Tag Archives: kernel

How are Linux drives named beyond drive 26 (/dev/sdz, ..)?

[Edit: Thanks to adrianmonk for correcting my math]

It’s surprisingly hard to find a definitive answer to the question of what happens with Linux block device names when you get past drive 26 (ie. counting from one, the first disk is /dev/sda and the 26th disk is /dev/sdz, what comes next?) I need to find out because libguestfs is currently limited to 25 disks, and this really needs to be fixed.

Anyhow, looking at the code we can see that it depends on which driver is in use.

For virtio-blk (/dev/vd*) the answer is:

Drive # — Name
1 vda
26 vdz
27 vdaa
28 vdab
52 vdaz
53 vdba
54 vdbb
702 vdzz
703 vdaaa
704 vdaab
18278 vdzzz

Beyond 18278 drives the virtio-blk code would fail, but that’s not currently an issue.

For SATA and SCSI drives under a modern Linux kernel, the same as above applies except that the code to derive names works properly beyond sdzzz up to (in theory) sd followed by 29 z‘s! [Edit: or maybe not?]

As you can see virtio and SCSI/SATA don’t use common code to name disks. In fact there are also many other block devices in the kernel, all using their own naming scheme. Most of these use numbers instead of letters: eg: /dev/loop0, /dev/ram0, /dev/mmcblk0 and so on.

If disks are partitioned, then the partitions are named by adding the partition number on the end (counting from 1). But if the drive name already ends with a number then a letter p is added between the drive name and the partition number, thus: /dev/mmcblk0p1.

4 Comments

Filed under Uncategorized

How LVM does snapshots

LVM2 snapshots are fully read/write. You can write to either the snapshot or the original volume and the write won’t be seen by the other. In the snapshot volume what is stored is an “exception list”, basically a big hash table(?) recording which blocks are different from the original volume.

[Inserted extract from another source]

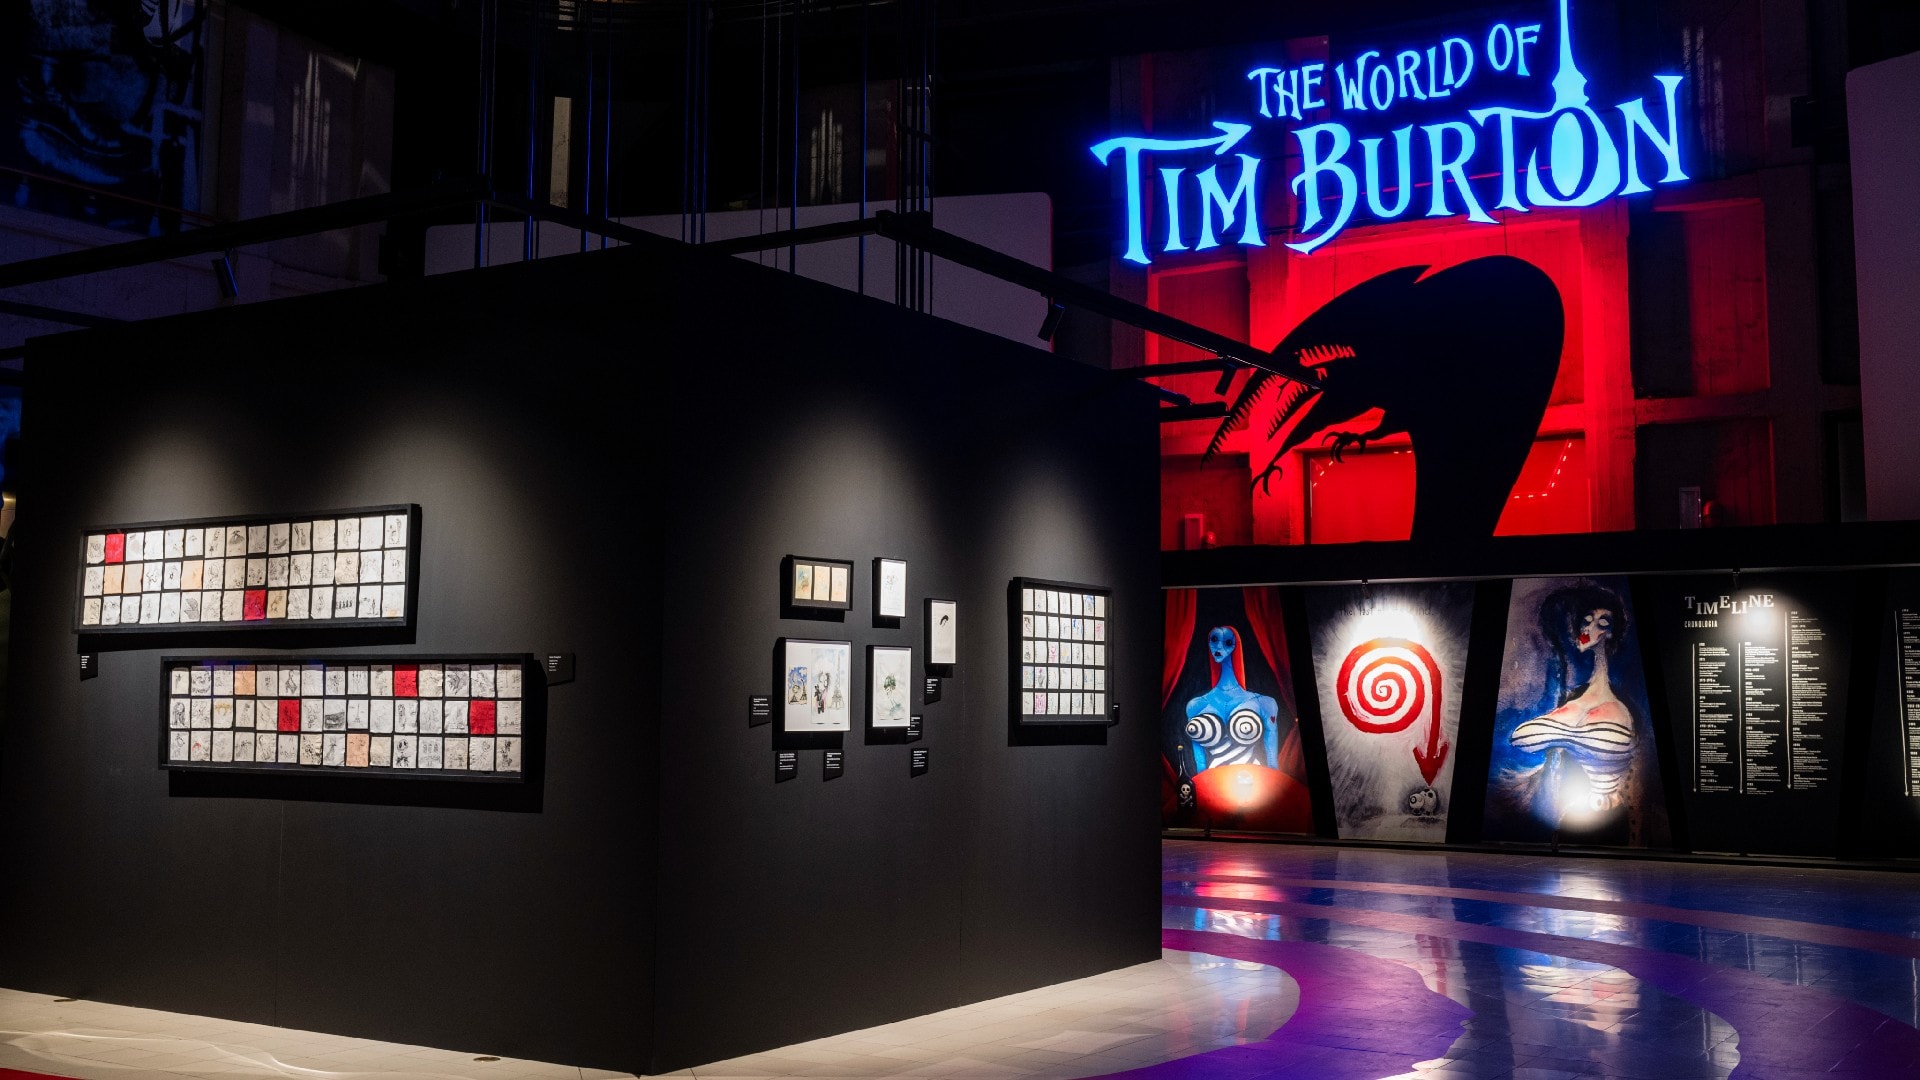 Nel fantastico mondo di Tim Burton

Now I was curious how this works, because obviously writes to the original volume must also cause an exception to be added to the snapshot volume. How does the snapshot module see these writes? Does it hook into the original device in some way? It turns out, no.

It’s all handled at higher levels (by the lvcreate command in fact) which inserts a device mapper layer above the original device. This special layer (called a “snapshot-origin”) grabs the write request and passes it to the snapshot code where it causes an exception to be added to the snapshot (or snapshots because several snapshots might have been created against a single origin). [Refer to origin_map and __origin_write in dm-snap.c].

You can see the extra layer added by lvcreate -s by examining the device mapper tables directly. For example, before creating a snapshot:

# dmsetup table | grep F13
vg_pin-F13x64: 0 20971520 linear 253:0 257687936

and after creating a snapshot of that LV (notice the “real” LV has been renamed):

# lvcreate -s -n F13x64snap -L 1G /dev/vg_pin/F13x64
# dmsetup table | grep F13
vg_pin-F13x64snap: 0 20971520 snapshot 253:38 253:39 P 8
vg_pin-F13x64snap-cow: 0 2097152 linear 253:0 605815168
vg_pin-F13x64: 0 20971520 snapshot-origin 253:38
vg_pin-F13x64-real: 0 20971520 linear 253:0 257687936

Resolving the device references into a simpler diagram:

  F13x64 (253:4)             F13x64snap (253:37)
          |                        |         |
          |        +---------------+         |
          v        v                         v
  F13x64-real (253:38)    F13x64snap-cow (253:39)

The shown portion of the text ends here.